The problem with ASCII is that it was developed long ago when computers largely lived in universities and large corporations, and mostly American ones at that. Even French, German, Italian, Spanish, and so on could be handled quite easily, since they all use the same Latin alphabet and Arabic numerals more or less, the odd accented or umlauted or circumspected (to get very lose with my use of the English language) notwithstanding. ASCII still provided enough "headroom" to incorporate all these characters. One byte consists of eight bits, each of which can be a 1 or a 0 (on or off, or whatever metaphor you like). From basic math we know that a string of 8 bits yields a total possible number of combinations of 2 (the number of possible states of the bit - 1 or 0) to the power of the number of bits in a byte. A byte therefore can "hold" 2^8, or 256, discrete values. For a long time this was enough for the Latin alphabet, punctuation, numbers, and even some Greek characters, arrows, wingdings, and so on. For the original (non-extended) ASCII set see here.

On the other hand, 256 is not nearly enough characters when you start adding in the non-Latin languages of the world. So a standard called Unicode was created, which has now been though many iterations and revisions, and has taken a long to replace ASCII, but it finally has done to a large extent (thanks mostly to the Web). So how were programmers going to make room for all those extra character? Pretty straightforwardly, it turns out. They allocated TWO BYTES for each rather than one; therefore doubling the amount of space in the computers memory or hard drive, but exponentially growing the number of possible combinations a 16-bit "word" (to use the jargon) could accomodate. Rather than 256, Unicode's 16 bits in essence created 2^16 little labeled cubby holes. 2^16 is 65,536! The problem seemed solved. And indeed, Unicode is what the vast majority of OSs, browsers, web sites, and applications use these days. You can represent a 256-fold increase in the number of discrete symbols while only doubling the memory footprint.
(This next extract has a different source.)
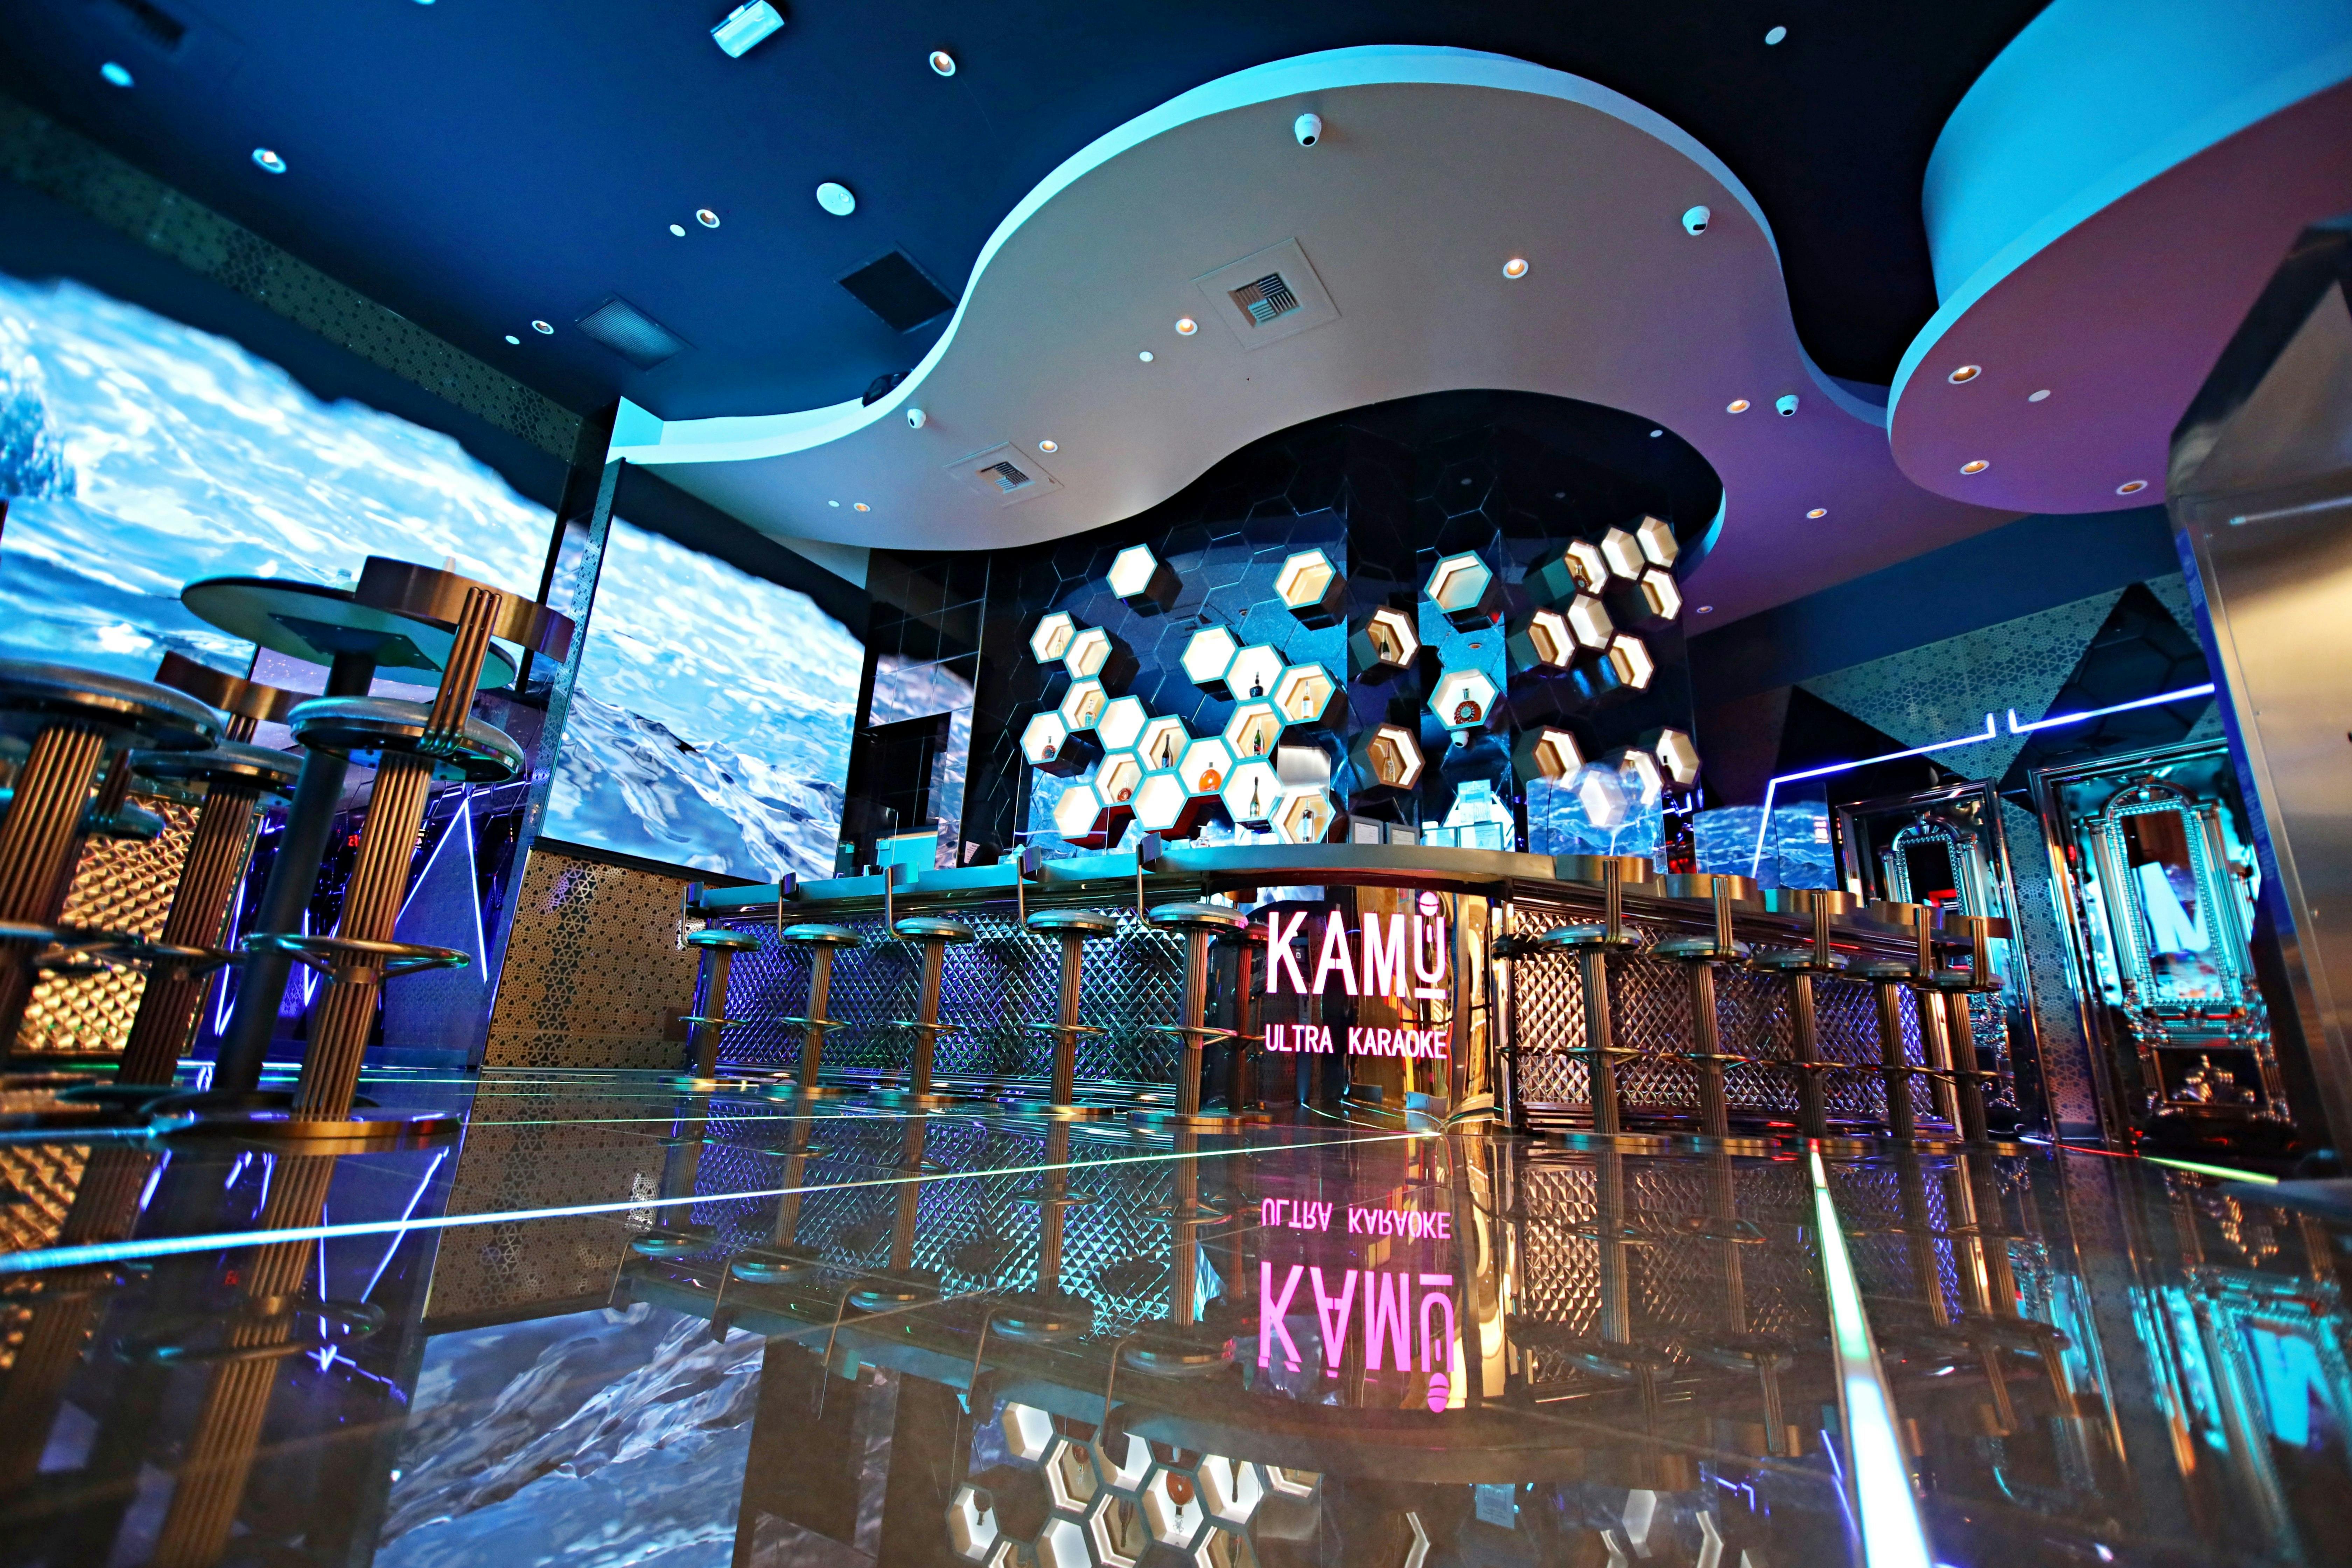 Tickets to KAMU Ultra Karaoke in Las Vegas Musement

So I imagine that the 4096 characters that Blogger allows us actually occupies 8k on disk. Again, a very small size these days, but then, in case you haven't noticed, there are a hell of a lot of people in the world. At some point a revised standard using 32 bits (4 bytes) may have to be adopted, which would again double the memory requirement to store each character but would allow for millions of letters, numbers, punctuation, wingdings, inflections, complex Chinese ideograms, glyphs, typesetter's marks, flourishes, ligatures, and almost anything else you can imagine. This is very simplified explanation of how character encoding works in a computer; wars have nearly been fought over proposed standards, as well as what character actually fills each little empty box in a given scheme. There are multiple ASCII standards, multiple Unicode standards, and other standards you'll probably never hear about.

The ENIAC - the first true electronic computer.

In summary, I wish Blogger/Google would increase the maximum comment space to double-precision, allowing for many, many words to be written while only doubling the size on their end. But hey, it's free, so we can't really complain too vociferously. Or we can, but we'll be ignored or labeled as ingrates.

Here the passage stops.